▸ Work to complete
Data follows below. Repeat exactly the lines between the line holding "Bollinger Drawings B1 and B2" and the line holding "Lindsay Lohan is", inclusive, and nothing more; drop pictures.

▸ Data records
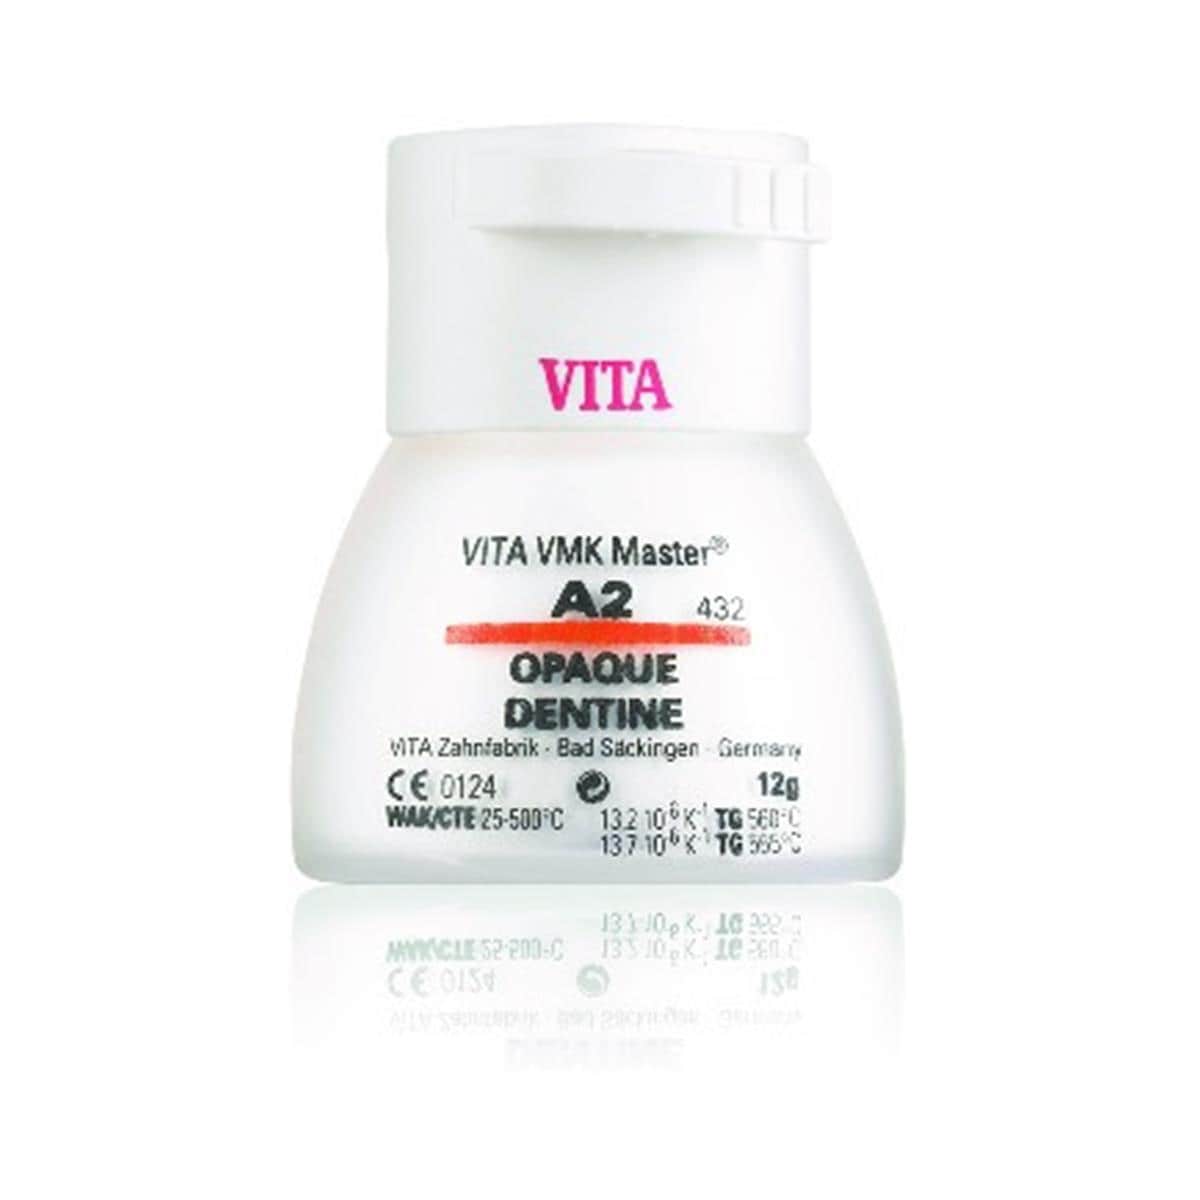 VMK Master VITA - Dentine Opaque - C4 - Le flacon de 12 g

==

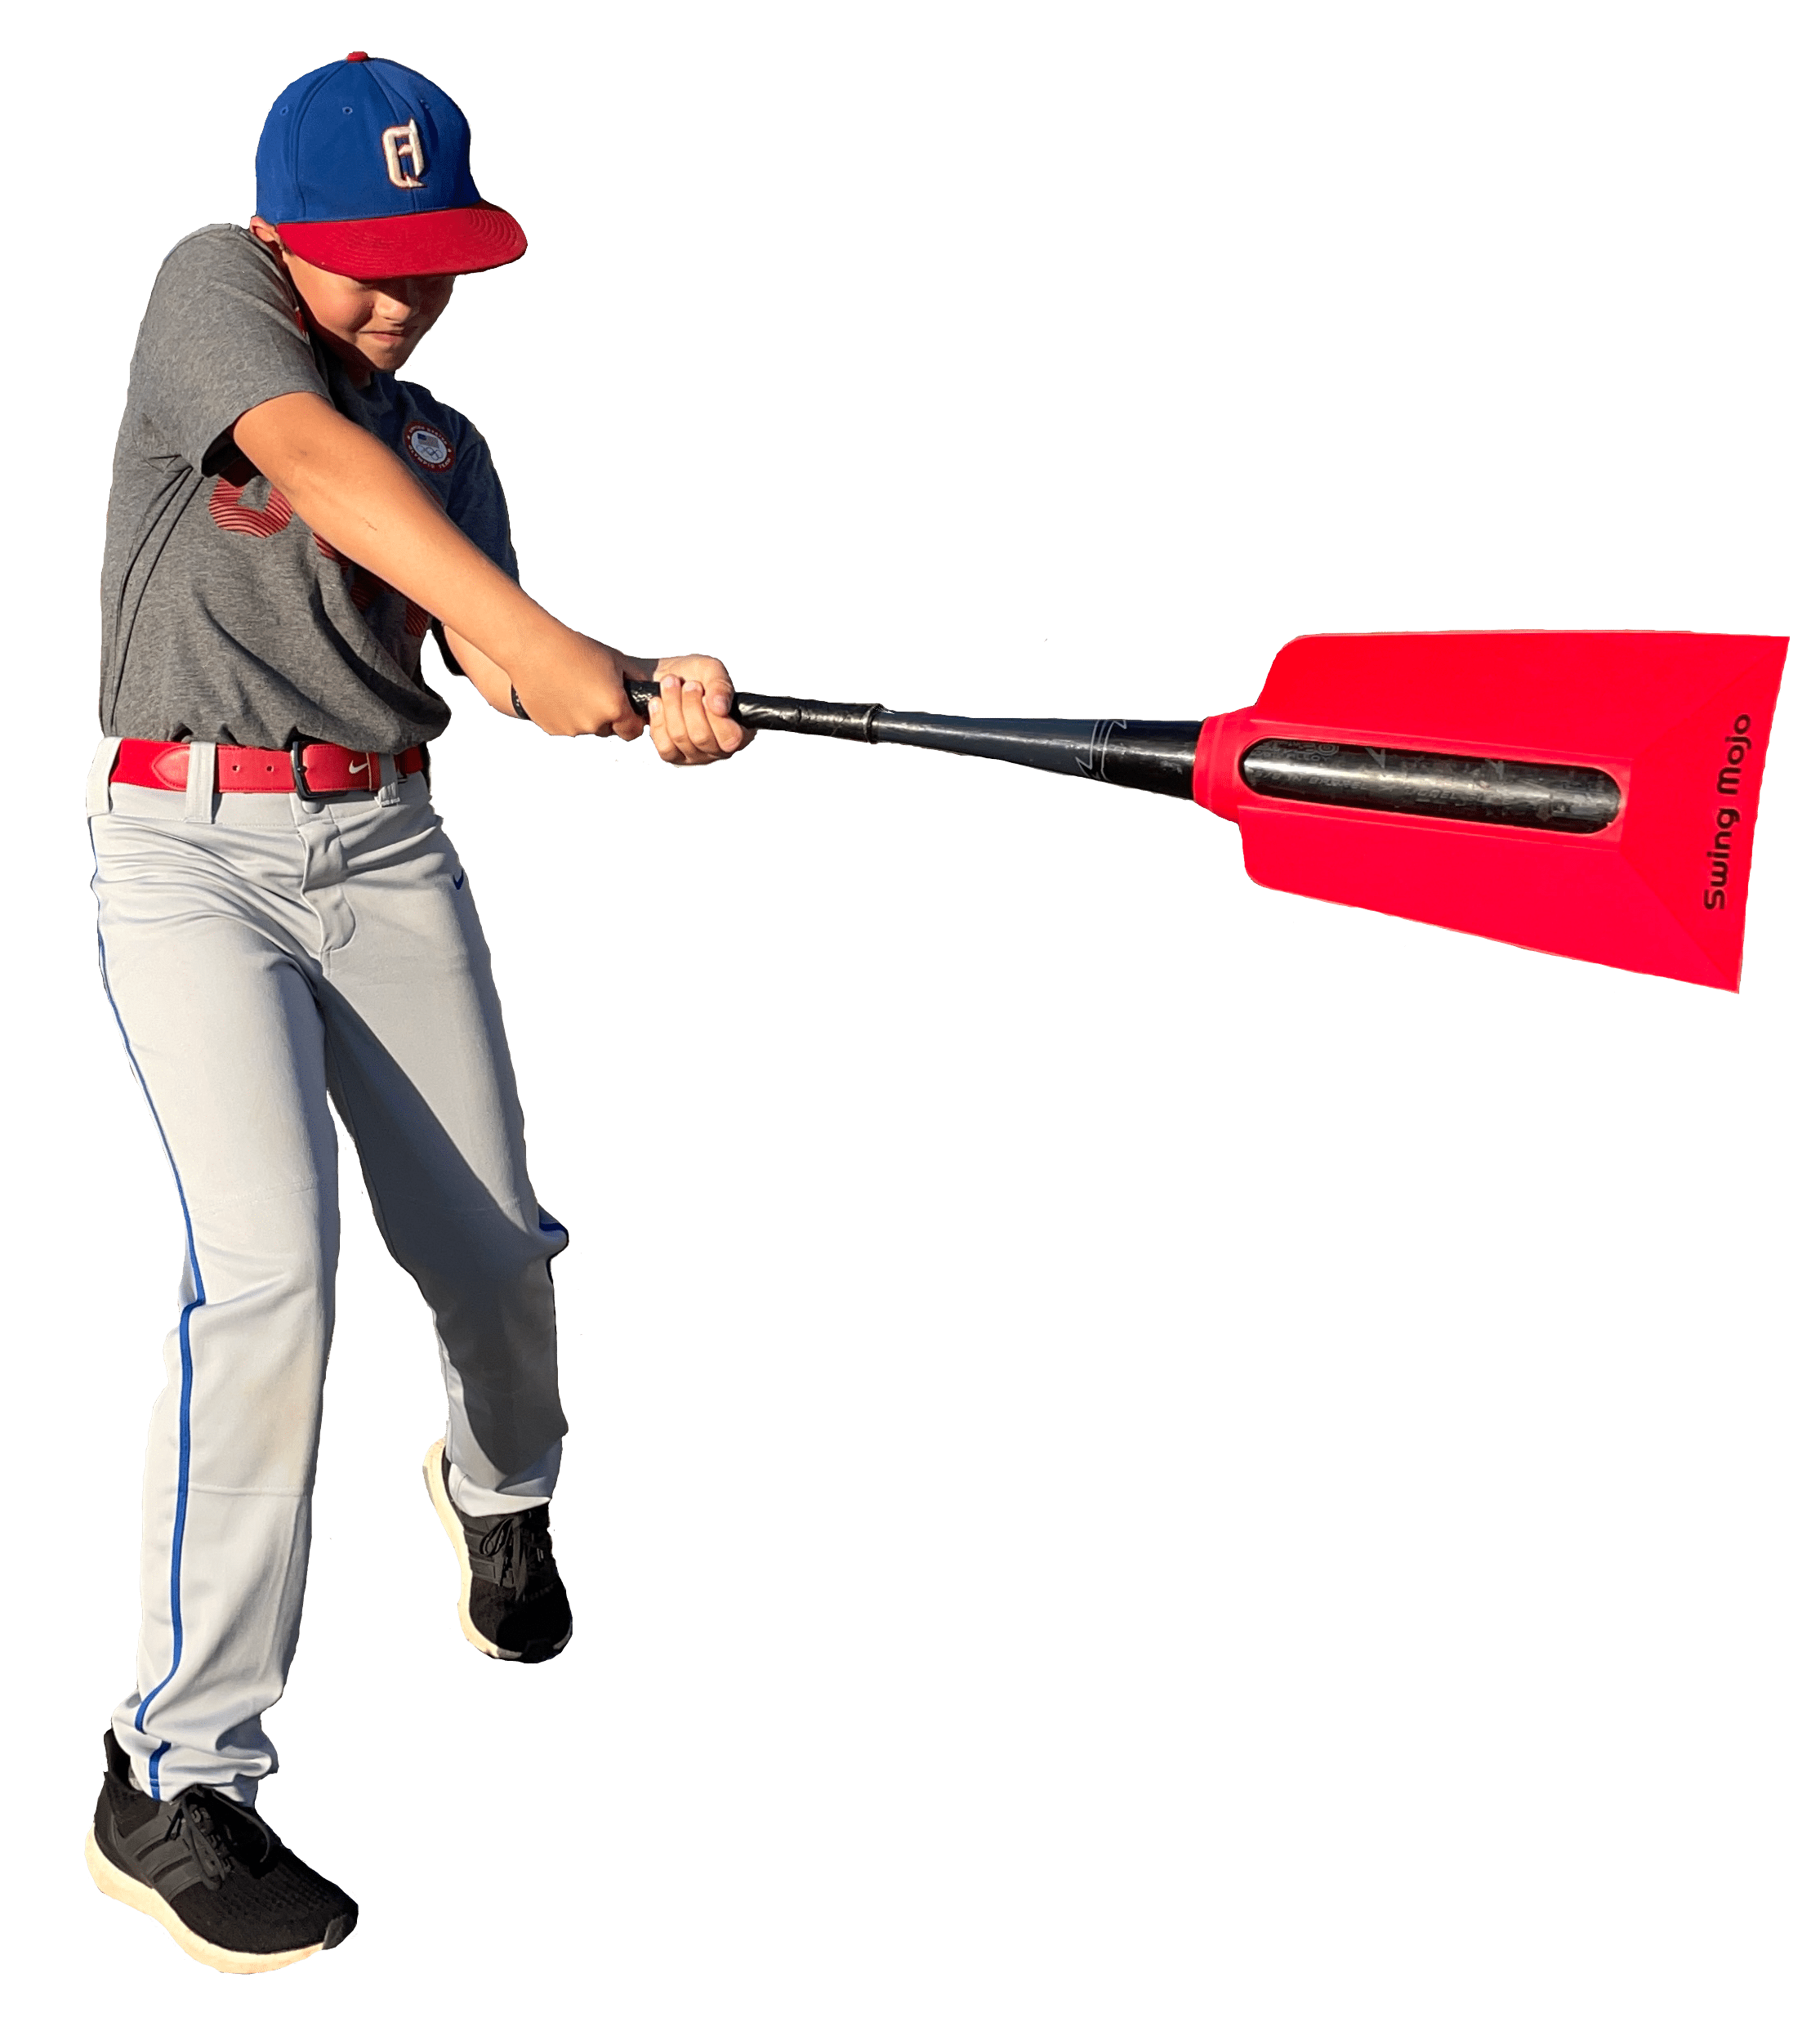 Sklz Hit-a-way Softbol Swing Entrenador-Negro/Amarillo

==

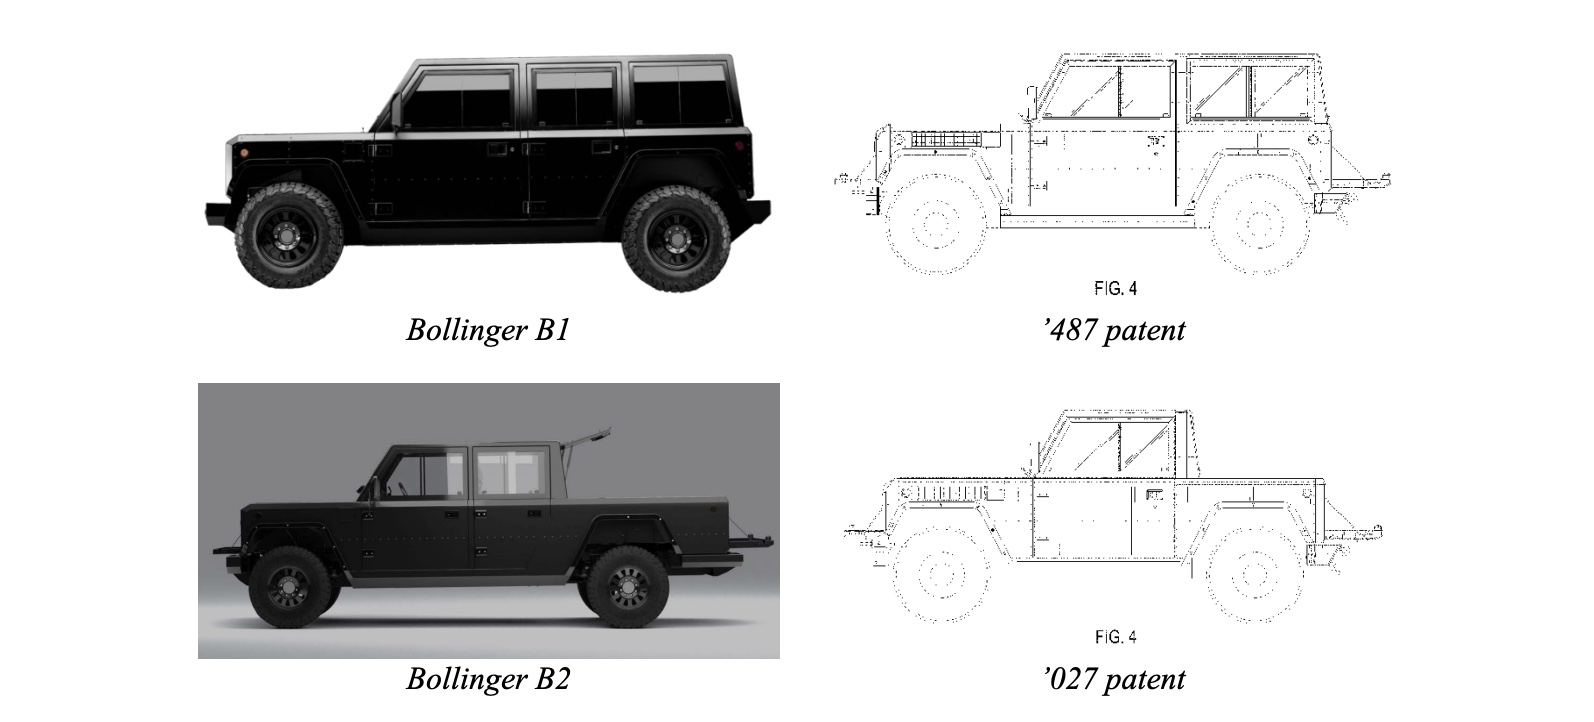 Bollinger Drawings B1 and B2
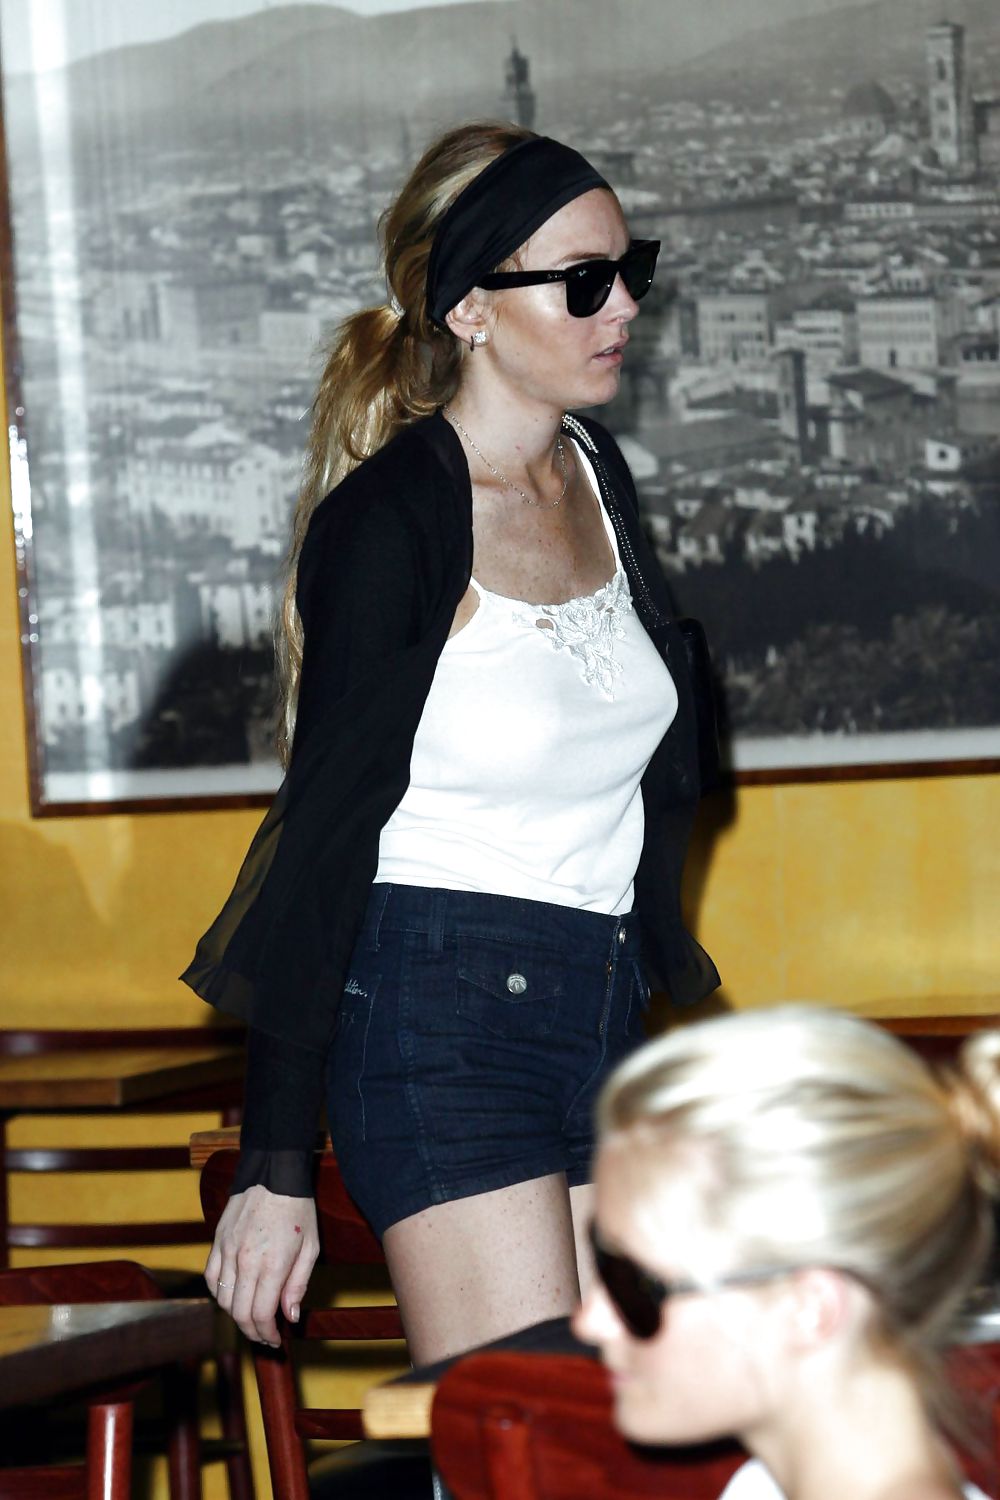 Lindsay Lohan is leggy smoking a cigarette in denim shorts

▸ Solution to this exercise
 Bollinger Drawings B1 and B2
 Lindsay Lohan is leggy smoking a cigarette in denim shorts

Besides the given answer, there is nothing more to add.